CONCEPT DEFINITION. What is "a term in a controlled vocabulary" (your words) if
not an rdfs:Class -- this is not asked rhetorically at all. Perhaps your
definition of a Concept is revealed when you say with regard to FreedomOfSpeech
that "I am quite reluctant to consider this concept as a class, because I wonder
what the instances would be" -- this suggest your definition is that anything
that is difficult to envision as an instance, is therefore a Concept. [BTW,
consider a "FreedomOfSpeech" resource as an item in an inventory of rights had
by an individual.]

My alternative view is that a 'concept' is a document-related class of resources
distinguishable by a Reasoner from the classes of terms defined within an
ontology being used by or specified within the document. Resources can be
categorized as being 'of' a concept either by a property, eg <dc:Subject>, or by
an <rdf:type> element which specifies the Concept instance. Conversely, the
'isSubjectOf' property should most definitely be applicable to instances of
owl:Class (and to its subclass, Concept), referring to those resources
categorized as being 'of' the concept.

TOPIC RELATION. I see no conceptual semantic difference, and little has been
offered, between a concept and a topic.

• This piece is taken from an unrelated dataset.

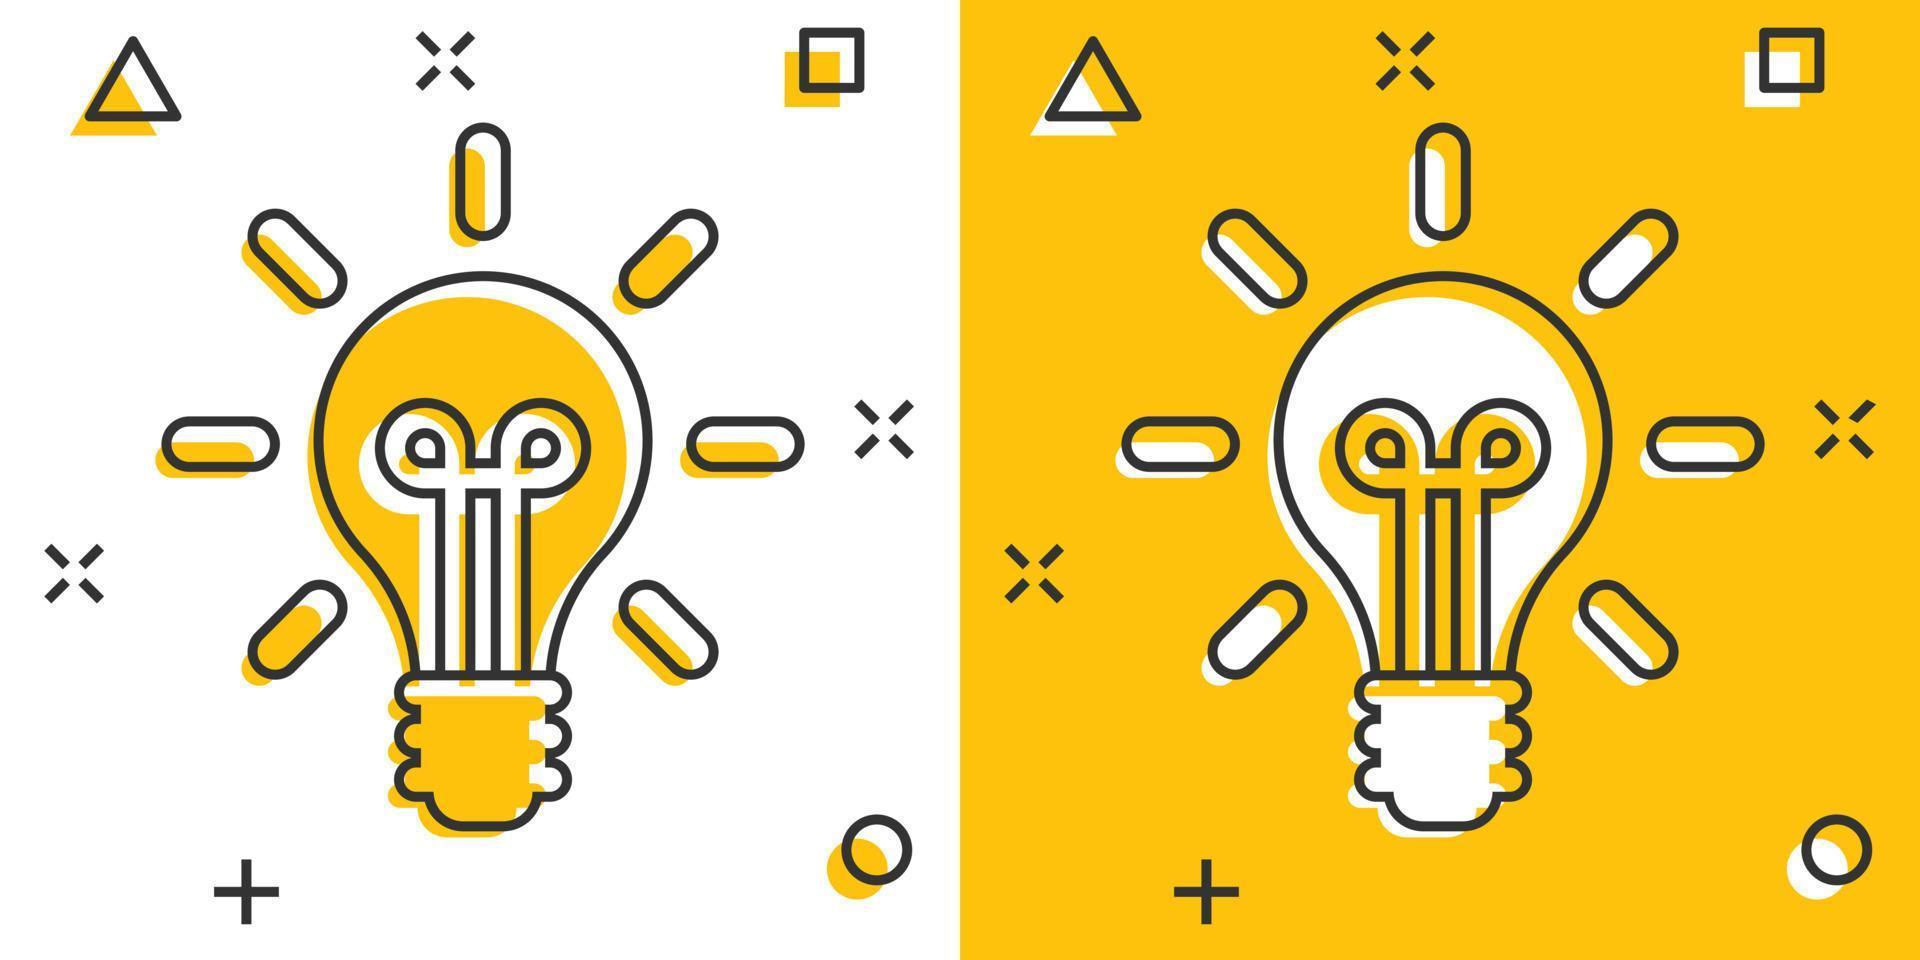 ljus Glödlampa ikon i komisk stil. glödlampa vektor tecknad serie illustration piktogram. lampa aning företag begrepp stänk effekt.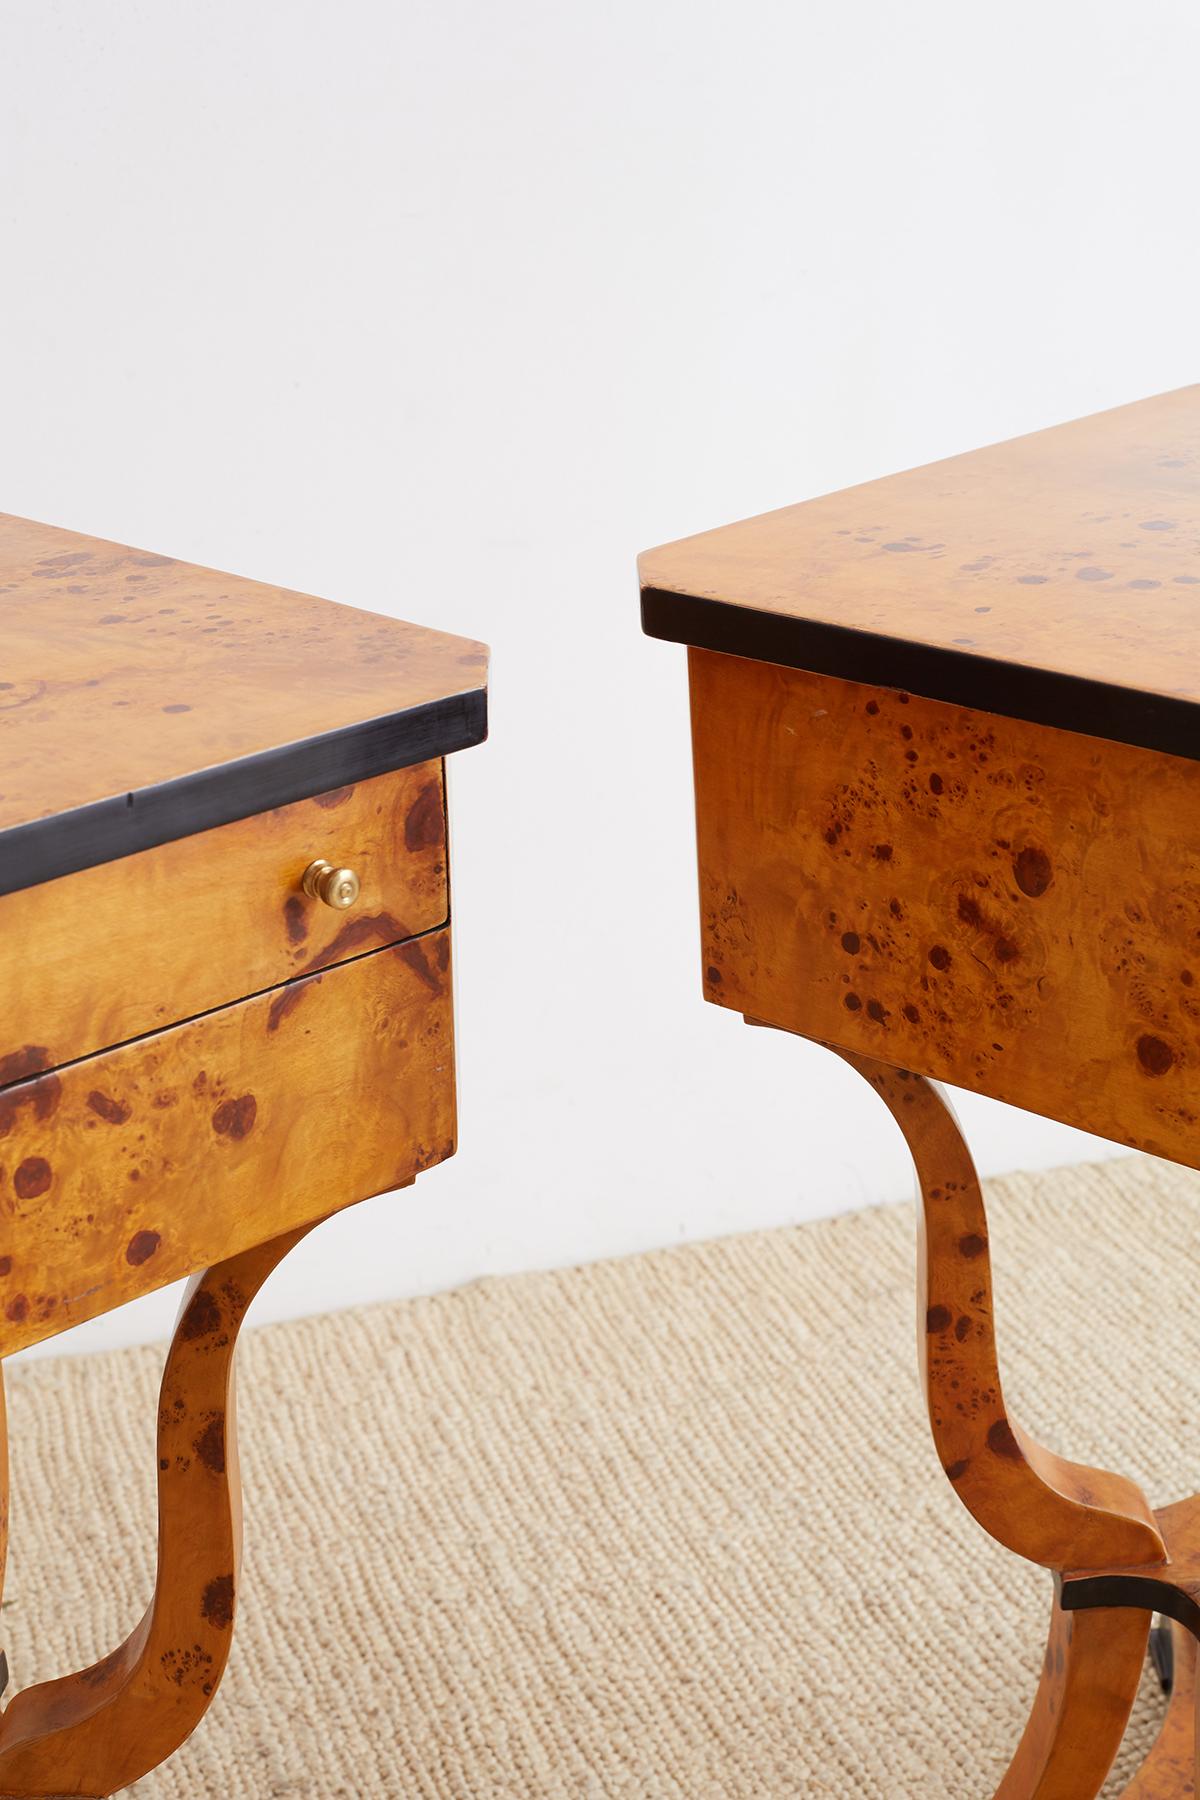 Pair of Swedish Biedermeier Style Sewing Table or Nightstands (Handgefertigt)

My view is that every concept IS a
topic; every topic is a concept. A topic (or concept) refers conceptually either
to (a) a set of generic or specific instances or (b) a specific instance, about
which statements are made or, said another way, which are the subject matter of
ensuing statements. Due to (a), I claim that topics are normally plural terms;
those infrequent times they are singular, means that the topic of the text unit
is a specific resource.

An ontology class can be referenced in a ConceptSchema as a Concept that is
either a reified statement about the class, or one whose subject is the ontology
class. In this way class instances can be referenced in a topic map as easily as
new topics (or concepts) can be defined. Likewise, a topic or concept that is
about another topic or concept, is a reified statement or (if you prefer) one
whose subject is the other topic or concept.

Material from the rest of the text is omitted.